Well, why shouldn’t they? They’re both unattached. Both attractive and red-blooded. Bachelor and fashionable Single Girl.
“How long is your sister planning to stay?” asks Constance, from two seats down on my left.
I plunge my spoon into the vichyssoise. “Why, I don’t know. Wouldn’t it be lovely if she stayed all summer?”
Constance turns a little pale.
“Sadly, however, she works as an assistant to a certain senator in Washington, and I’m afraid he can’t do without her for long.” I lean forward, as if in conspiracy. “Though I suppose that possibly qualifies as aiding and comforting the enemy, doesn’t it?”
From the other side of the house comes the sound of raucous laughter. The younger Hardcastles are eating dinner by the pool, under the supervision of a pair of gossiping nannies, and the teenagers have quite possibly found the stash of beers and liquors in the pool house bar. I motion to Mrs. Crane. “Could you ask Fred to keep watch over the young ones at the pool? Perhaps lock up the pool house?”
She nods and disappears.
Through the soup course and the appetizer, the scene is one of convivial amity, ripe with wholesome feeling, perfumed with hyacinth, lubricated by a crisp white wine and the warm undercurrents of a family welcoming home its prodigal son. The breeze surges in from the Atlantic, soft with humidity. The tomato aspic is a perfect balance of sweetness and acidity, the shrimp firm and white pink.

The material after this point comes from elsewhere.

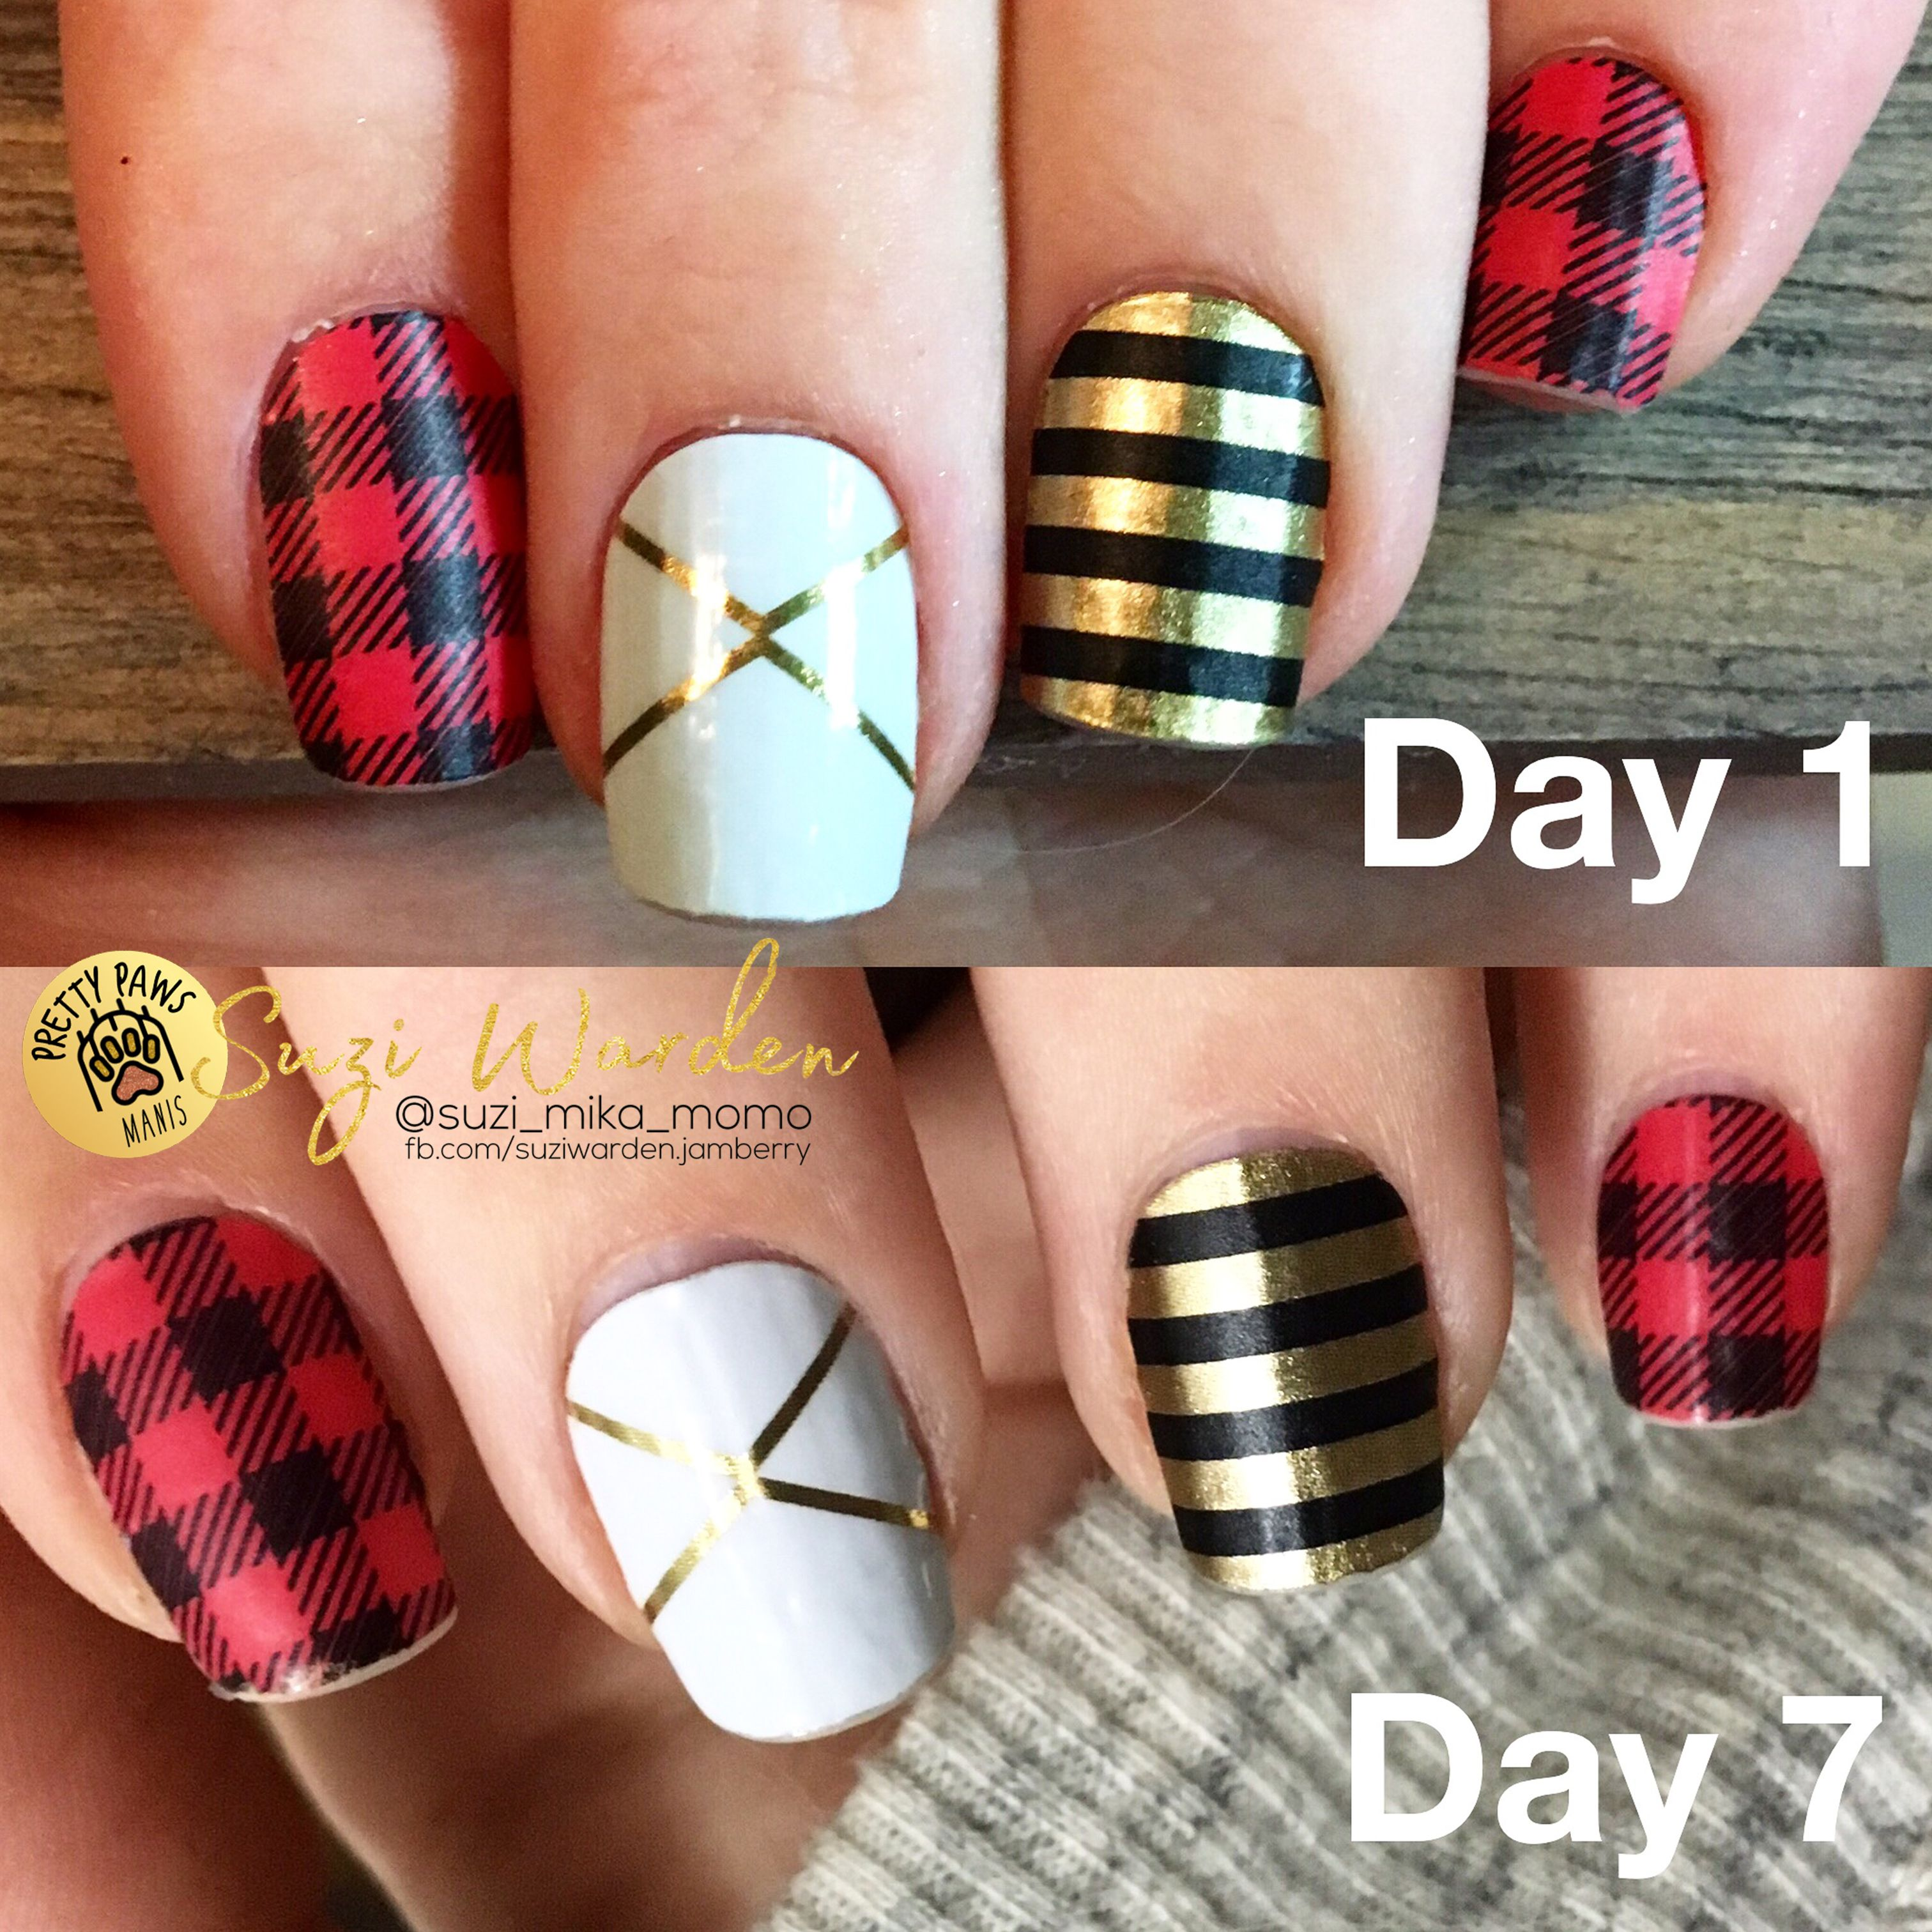 non-chip nails, even past 7 days! learn more at prettypurfect.com ...

To my right, Frank’s handsome younger brother Louis keeps up a stream of earthy conversation. To my left, Pepper’s laughter rises to the pale evening sky. Nearby, Constance’s diamonds glitter atop her leathery collarbone, having caught the light from a nearby torch.
I look at her and think, pagina.
The shrimp and aspic are cleared away. The bottles of red wine are placed, already open, on the table. I signal to Louis at my right, and Louis signals to Frank’s cousin Monty, across the table, and together they pour out the wine, one by one, filling every glass.
When they’re done, Frank rises to his feet, clinks his glass with his fork, and smiles at me down the long reach of the Hardcastle table.
“Ladies. Gentleman. In-laws.” He grins at Pepper. “Outlaws.”
“Hear, hear,” says Louis.
“First of all, I’d like to thank my lovely wife, Tiny, for arranging this wonderful dinner here tonight, this dinner that brings us all together, decently clothed for once. Tiny?” He picks up his glass and gestures in my direction.
I pick up my glass and gesture back.
“Hear, hear,” says Pepper. “To the miraculous Tiny!”